Figure 2. Cortactin is Acetylated in vivo.

(A) HeLa cells transfected with either an empty vector or a vector encoding Myc-tagged cortactin were treated with ethanol (−) or 400 ng/ml TSA (+). Anti-Myc immunoprecipitates were Western blotted using antibodies specific for acetyl-lysine (AcK) or Myc. Relative level of acetylated cortactin: Ac-cortactin/cortactin = 0.33 (lane 2), 1.75 (lane 3). (B) HeLa cells were untreated (bottom panel) or treated (top panel) with either ethanol (−) or 400 ng/ml TSA (+) for 12 h. Lysates were immunoprecipitated under high stringency conditions and immunoprecipitates were Western blotted with the indicated antibodies. The same lysates were directly immunoblotted with an anti-cortactin antibody. (C) Left top panel, total extracts prepared from HeLa cells treated with ethanol (−) or 400 ng/ml TSA plus 20 mM nicotinamide (+) for 12 h were separated on SDS-PAGE and analyzed by Western blot with the anti-acetyl-cortactin antibody. The blot was stripped and re-probed with an anti-cortactin antibody.

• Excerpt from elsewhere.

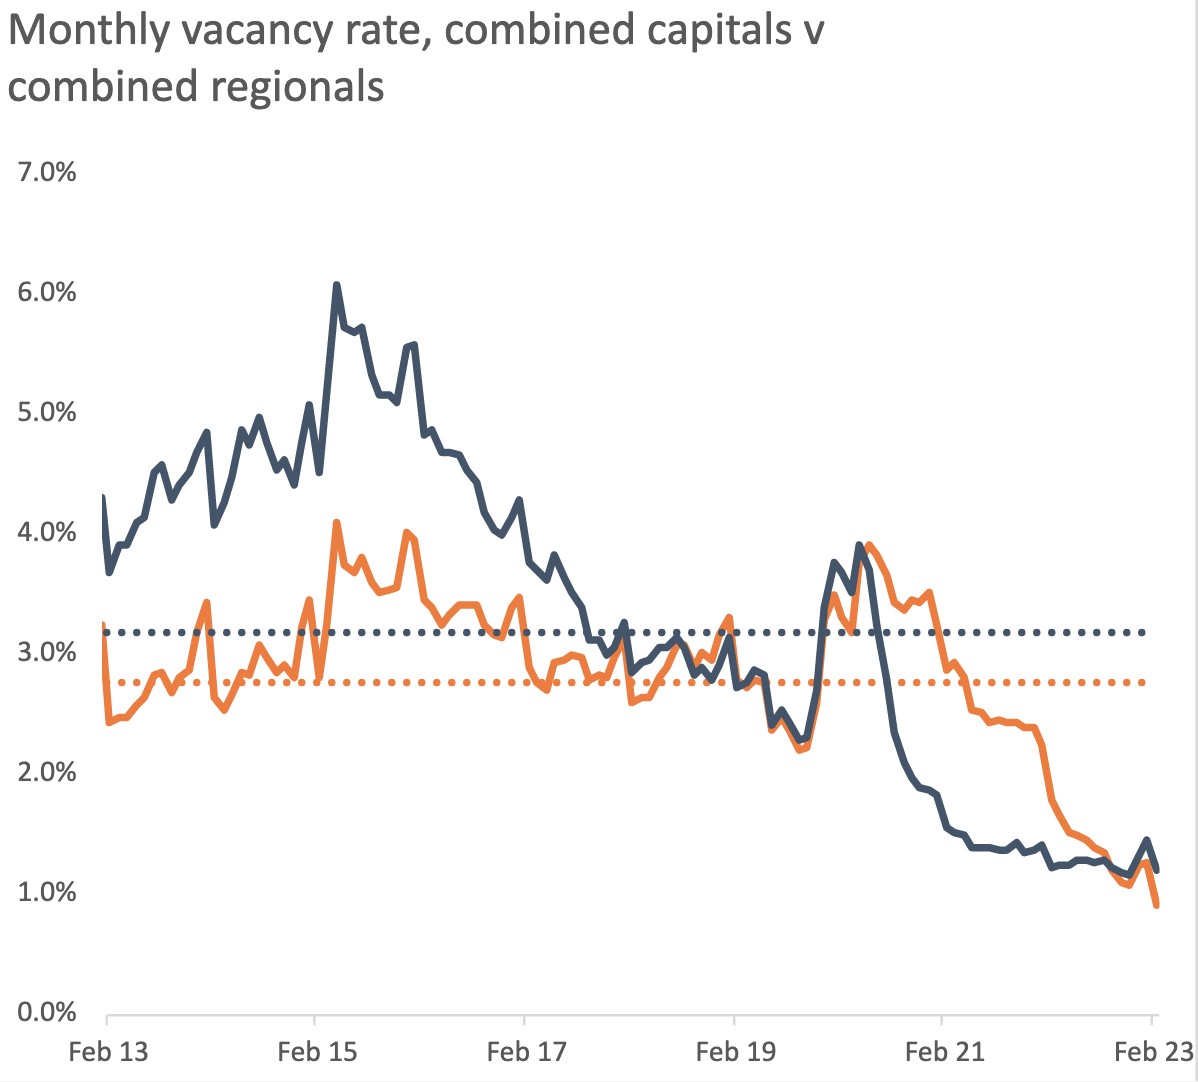 A line chart graphs the monthly vacancy rates for capital versus regional cities

Left bottom panel, HeLa cells transfected with plasmids expressing Flag-tagged cortactin or an empty parental vector were treated with ethanol (−) or 400 ng/ml TSA plus 20 mM nicotinamide (+) for 12 h. Cell lysates were immunoprecipitated with anti-Flag and Western blotted with an anti-acetyl-cortactin antibody or directly Western blotted with a Flag-specific antibody. Right panels, extracts prepared from cells treated with nicotinamide, sodium butyrate (NaB), and/or TSA were analyzed as before. Anti-Ac-H4 blot was performed to confirm that NaB was active in this system. Anti-cortactin and anti-β-actin Western blots were done as loading controls. (D) Top panel, anti-cortactin immunoprecipitates prepared from a NIH3T3 whole cell extract was separated on a 2-dimensional gel and Western blotted with an anti-acetyl-lysine antibody. Bottom panel, the blot was stripped and re-probed with an anti-cortactin antibody.